Run modes and patterns

Data Flows in Pega Platform can operate in different modes depending on the nature of your data and business requirements. Each mode addresses specific processing needs, whether you handle large batches, continuous event streams, or individual requests. By choosing the right run mode and applying proven design patterns, architects can ensure that data pipelines are both efficient and resilient.

You can create the following types of Data Flows:

Batch Data Flows
Real-time Data Flows
Single-Case Data Flows

Batch Data Flow

A Batch Data Flow processes a finite set of records and completes when all data is processed. This mode is suited for scenarios such as high-volume backfills, nightly updates, or large file ingestion where the dataset is known.

Design patterns for batch Data Flows include:

Tuning runner threads and batch size.
Setting checkpoint intervals that balance the cost of writing to the destination.

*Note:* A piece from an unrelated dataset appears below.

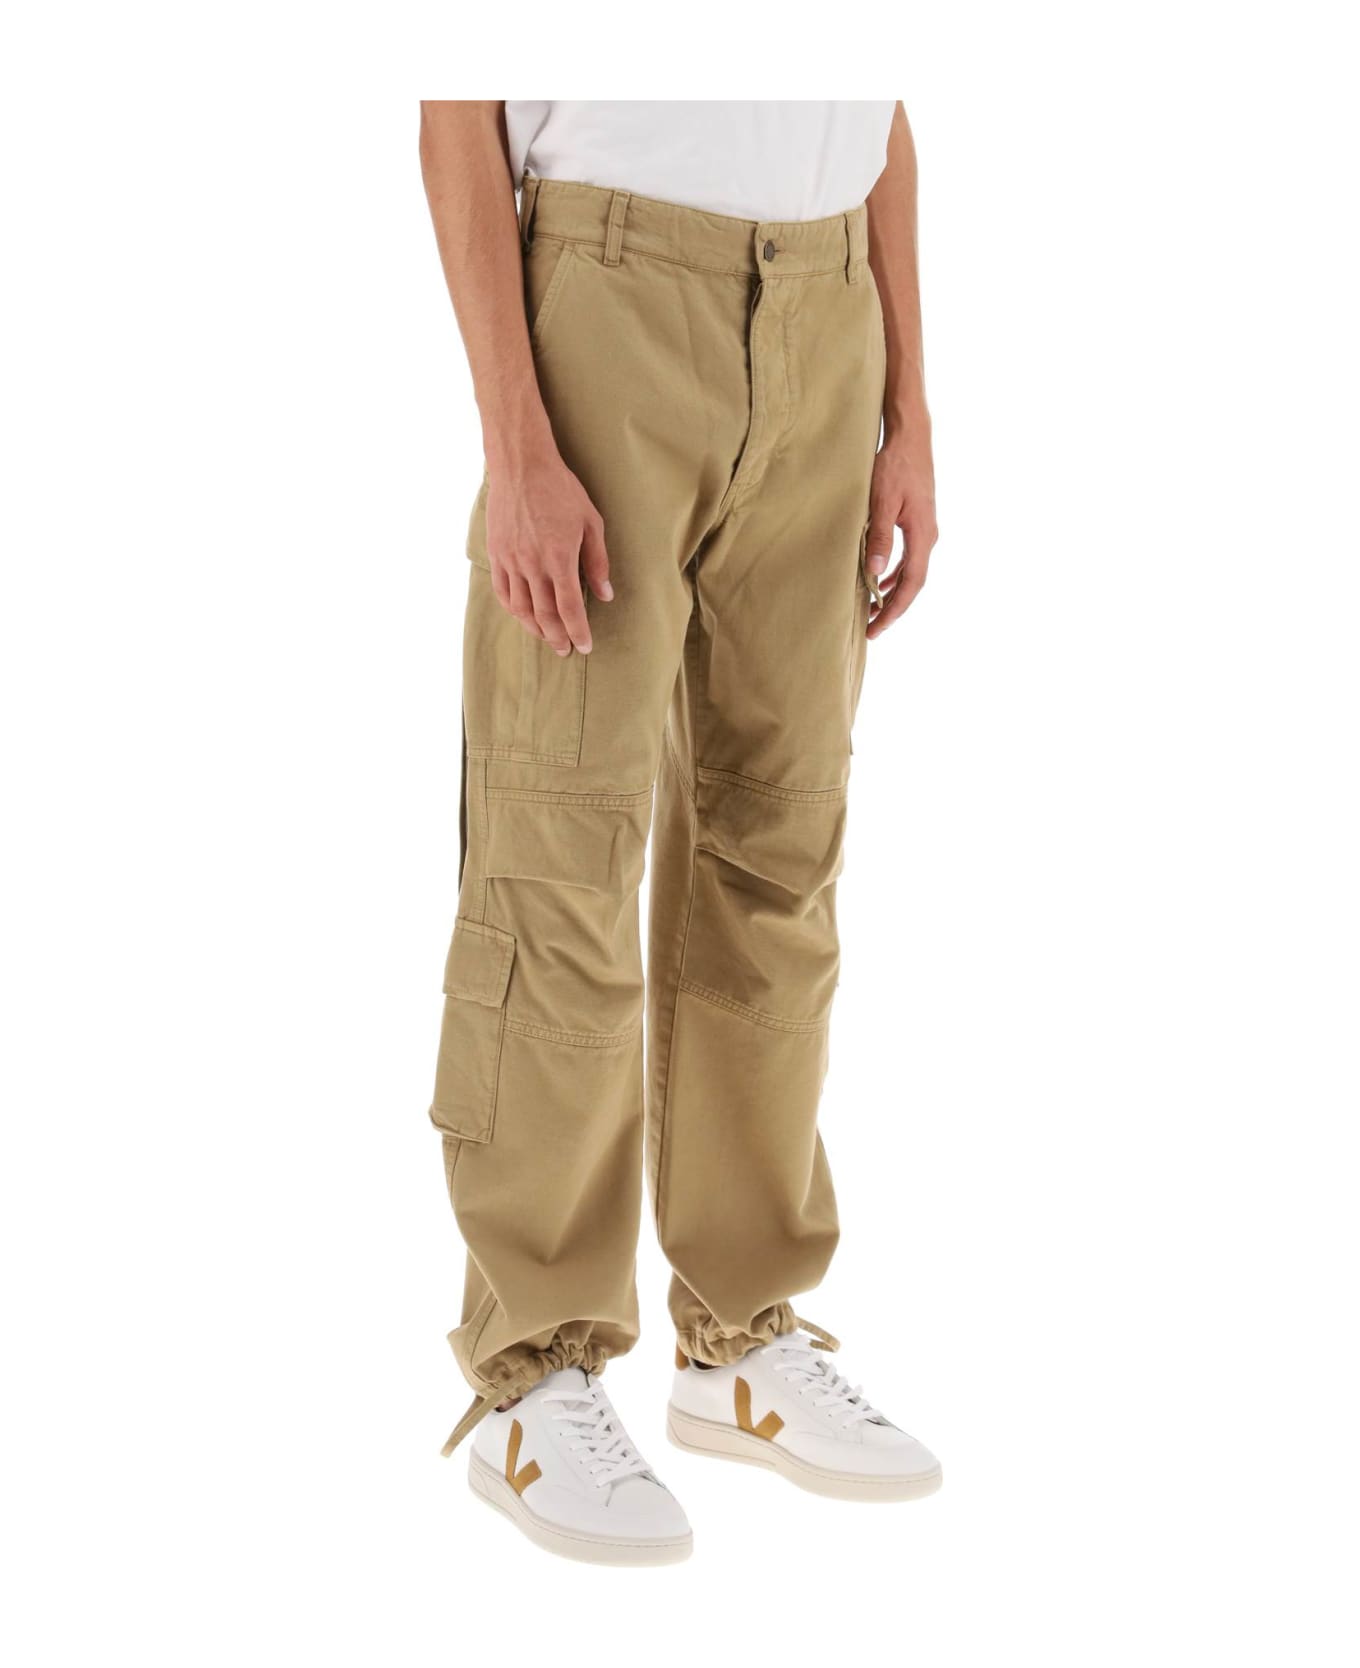 DARKPARK Saint Cotton Cargo Pants - BEIGE (Beige)

These patterns help maximize throughput and support reliable recovery. Designing idempotent updates at the destination is critical because it prevents duplicate changes if a batch is retried or resumed.

Real-time Data Flow

A real-time Data Flow processes an unbounded stream of incoming events and remains active continuously. This mode is suited for event-driven processing, streaming enrichment, and analytics that require immediate response, such as fraud detection or customer engagement tracking.
Design patterns for real-time Data Flows include:

Defining windows and joins to aggregate or correlate data over time.
Setting bounds for late-arriving events.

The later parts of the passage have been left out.